_Exercise requirements_
From the listing below, restate word for word the lines from the line containing "Lisbon, 02/20/2021 - Sporting" down through the line containing "Epson T059420 T059420". Exclude pictures.

_Data extract_
____
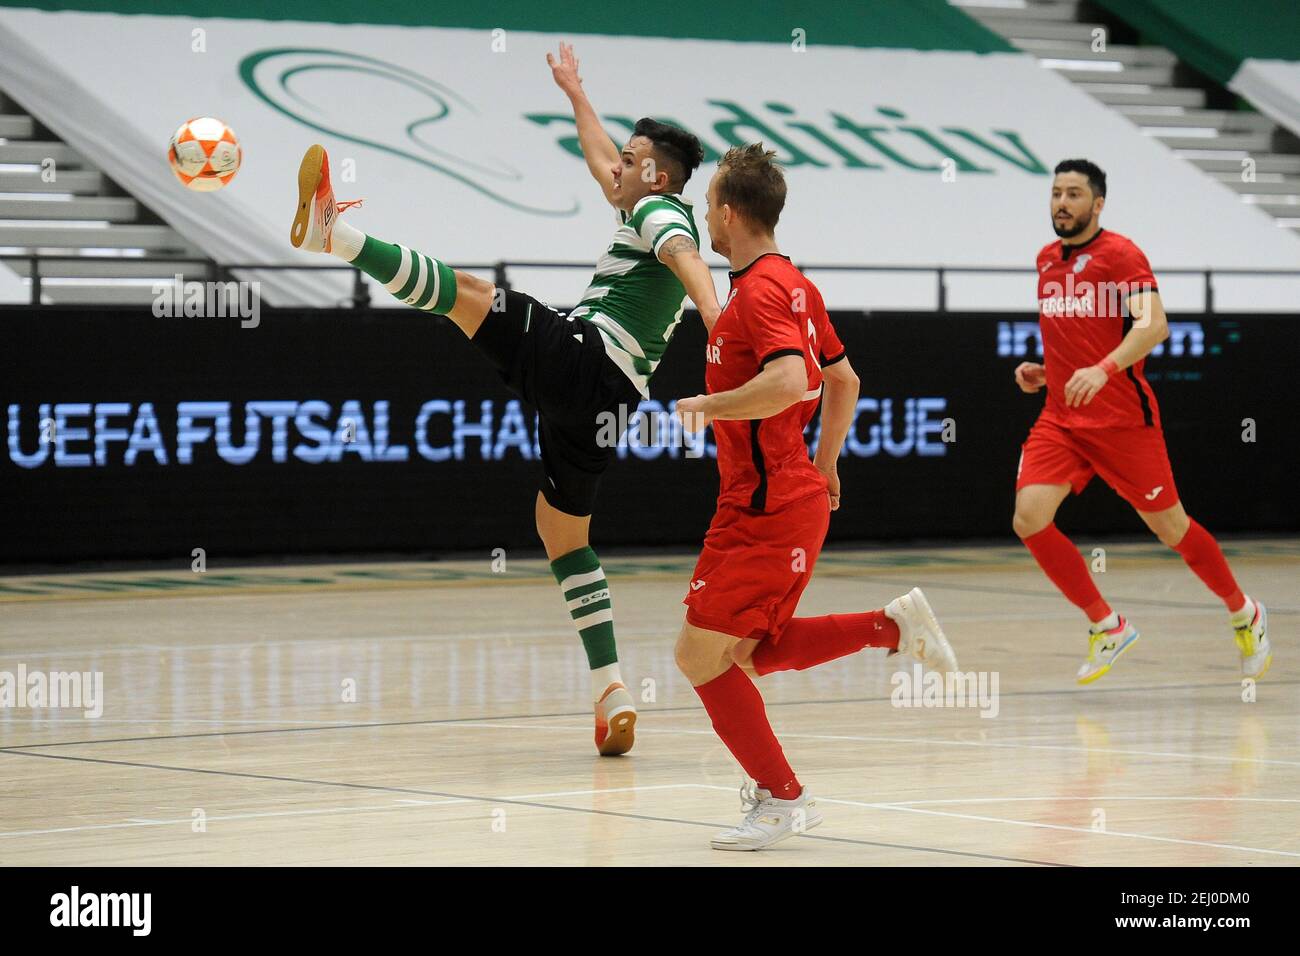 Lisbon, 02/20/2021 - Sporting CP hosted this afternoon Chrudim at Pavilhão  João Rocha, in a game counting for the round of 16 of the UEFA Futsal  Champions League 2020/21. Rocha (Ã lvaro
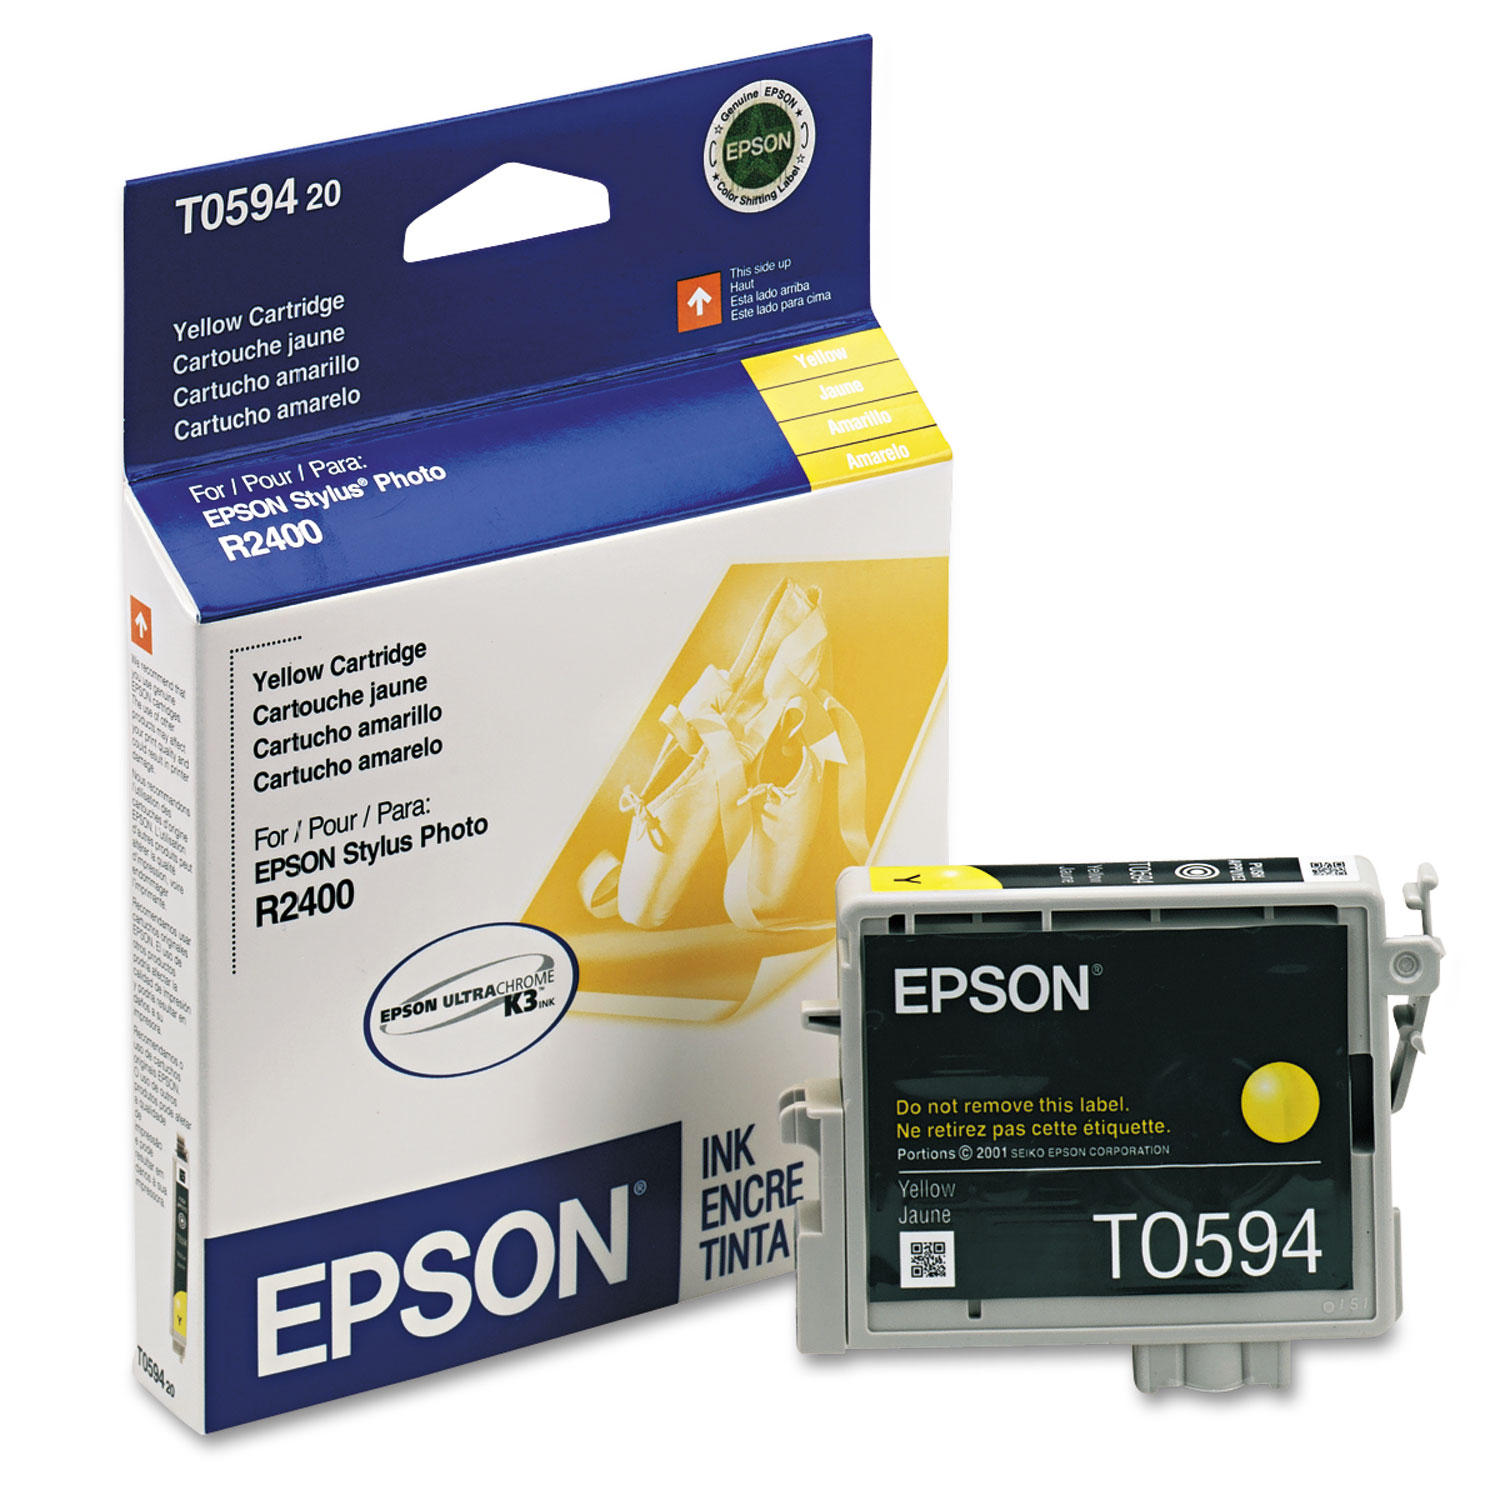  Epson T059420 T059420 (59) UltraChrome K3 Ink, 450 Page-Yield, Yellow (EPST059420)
____
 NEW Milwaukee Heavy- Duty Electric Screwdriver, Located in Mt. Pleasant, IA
____
_Answer for the task_
 Lisbon, 02/20/2021 - Sporting CP hosted this afternoon Chrudim at Pavilhão  João Rocha, in a game counting for the round of 16 of the UEFA Futsal  Champions League 2020/21. Rocha (Ã lvaro
  Epson T059420 T059420 (59) UltraChrome K3 Ink, 450 Page-Yield, Yellow (EPST059420)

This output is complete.